Out of necessity, it also implements yet another dataset format, but makes up for it by providing automatic loading, which is neat.

### Compatibility

At the moment, there are interfaces for:

Representations:
- Many-Body Tensor Representation (MBTR) (Huo, Rupp, arXiv 1704.06439 (2017)) (`qmmlpack` interface)
- Smooth Overlap of Atomic Positions (SOAP) representaton (Bartok, Kondor, Csanyi, PRB 87, 184115 (2013)) (`quippy` interface)
- Symmetry Functions (SF) representation (Behler, JCP 134, 074106 (2011)) (`RuNNer` interface)

Regression methods:
- Kernel Ridge Regression (KRR) as implemented in [`qmmlpack`](https://gitlab.com/qmml/qmmlpack)

### Features

- Reasonably clean, composable, modern codebase with little magic ✨

The hyperparameter optimisation (`cmlkit.tune`) boasts:
- Robust multi-core support (i.e. it can automatically kill timed out external code, even if it ignores `SIGTERM`)
- No `mongodb` required (important for *cough* certain computing environments *cough*)
- Extensions to the `hyperopt` spaces (`log` grids)
- Possibility to implement multi-step optimisation (experimental at the moment)
- Resumable/recoverable runs backed by a readable, atomically written history of the optimisation (backed by [`son`](https://github.com/flokno/son))
- Search spaces can be defined entirely in text, i.e. they're easily writeable, portable and serialisable

On the roadmap, coming soon™:
- Thorough caching for computations (everything is prepared!)
- Plugin system (currently, custom objects need to be registered manually)

## Frequently Asked Questions

(They are not actually frequently asked.)

### I don't work in computational chemsitry/condensed matter physics.
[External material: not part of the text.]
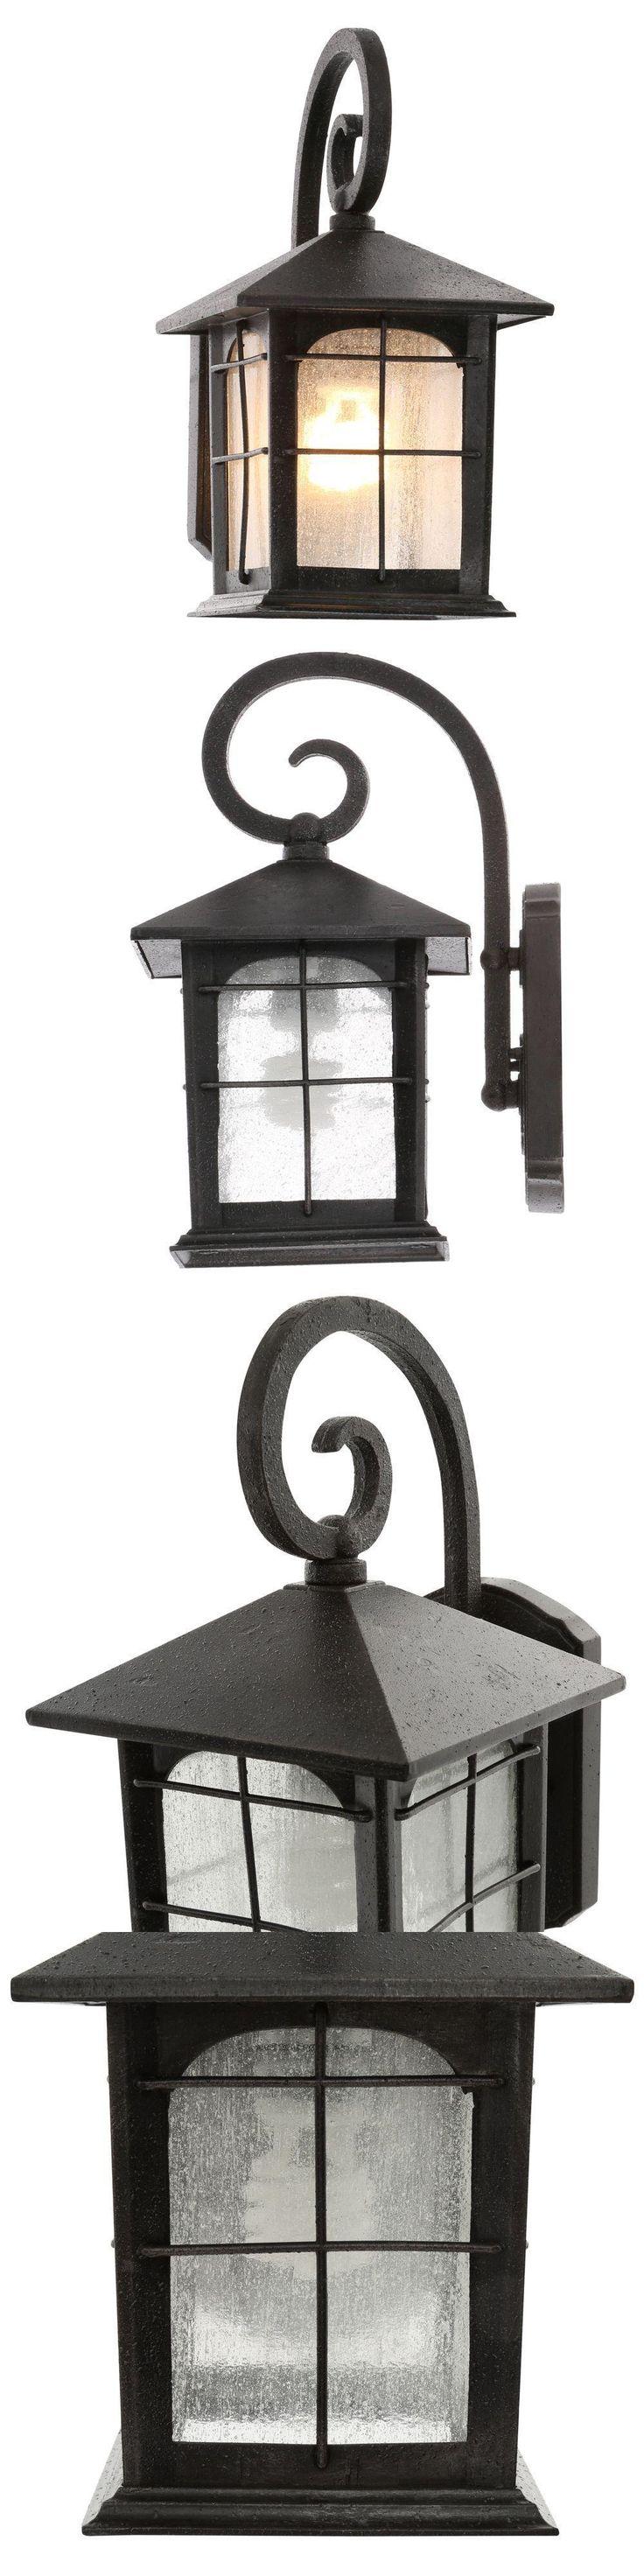 Outdoor Wall And Porch Lights 94939: 1 Light Outdoor Wall Lantern Light  Fixture Aged
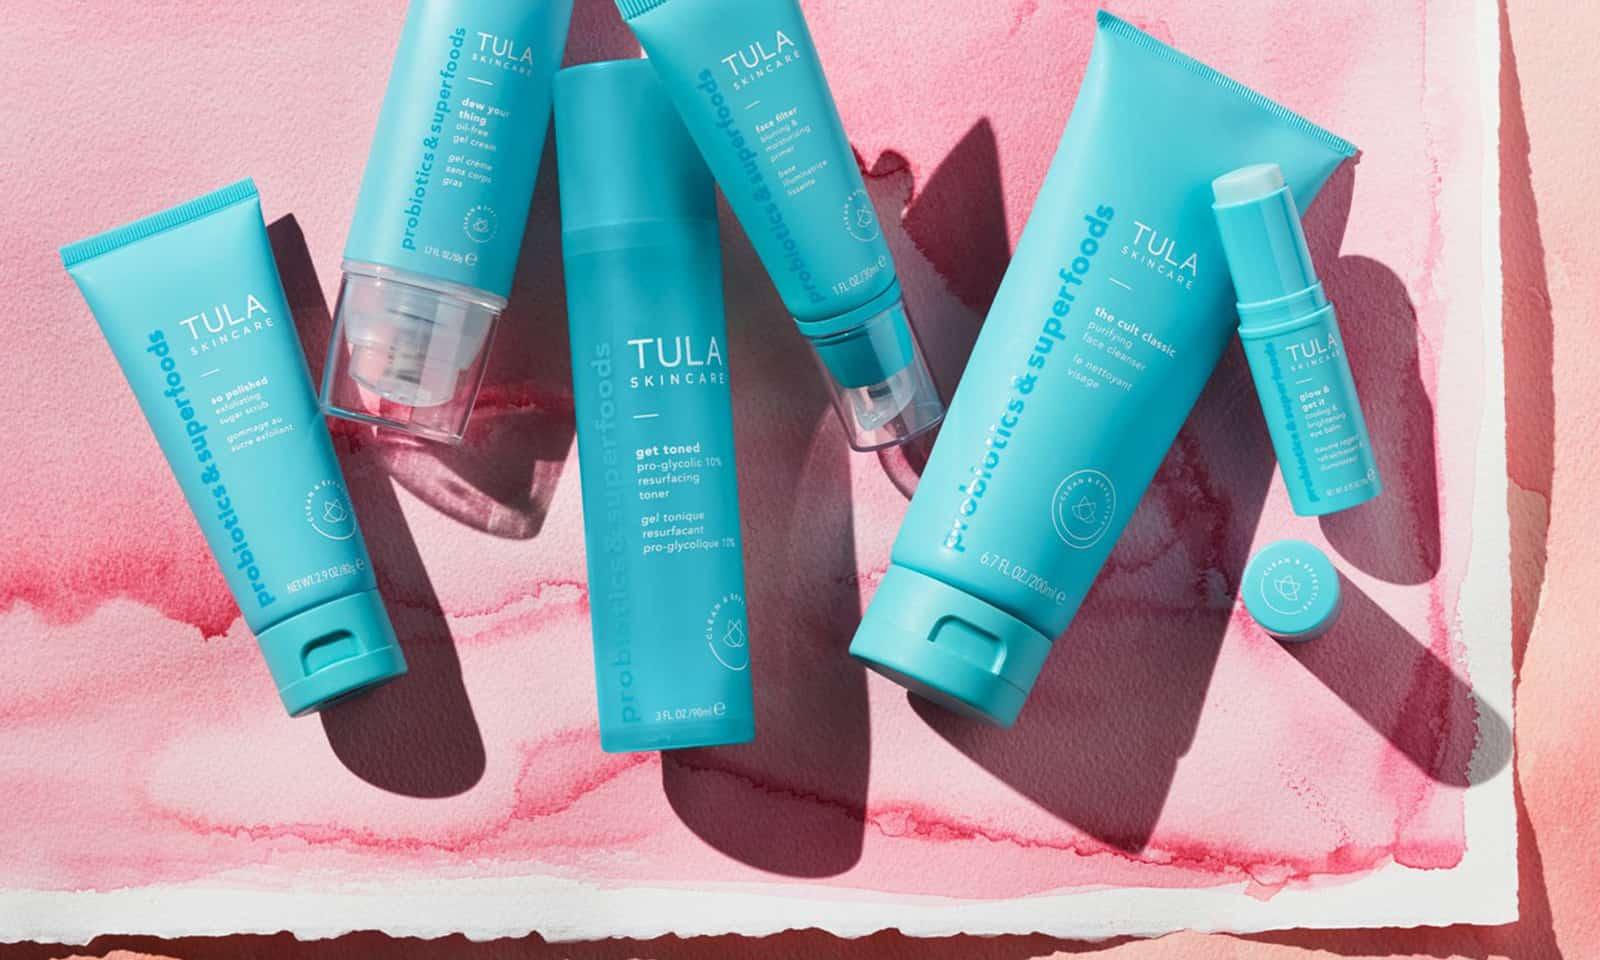 tula-produts-beauty-nighttime-routine-products-on-pastel-background

Should I care?

The short answer is regrettably probably no. 

However, I think the architecture of this library is quite neat, so maybe it can provide some marginally interesting reading. The `tune` component is very general and provides, in my opinion, a delightfully clean interface to `hyperopt`. The `engine` is also rather general and provides a somewhat nice way to serialise specific kinds of python objects to `yaml`.

### Why should I use this?

If you need to use any of the libraries mentioned above it might be more convenient. If you need to do hyperparameter optimisation and are tired of plain `hyperopt` it might be useful.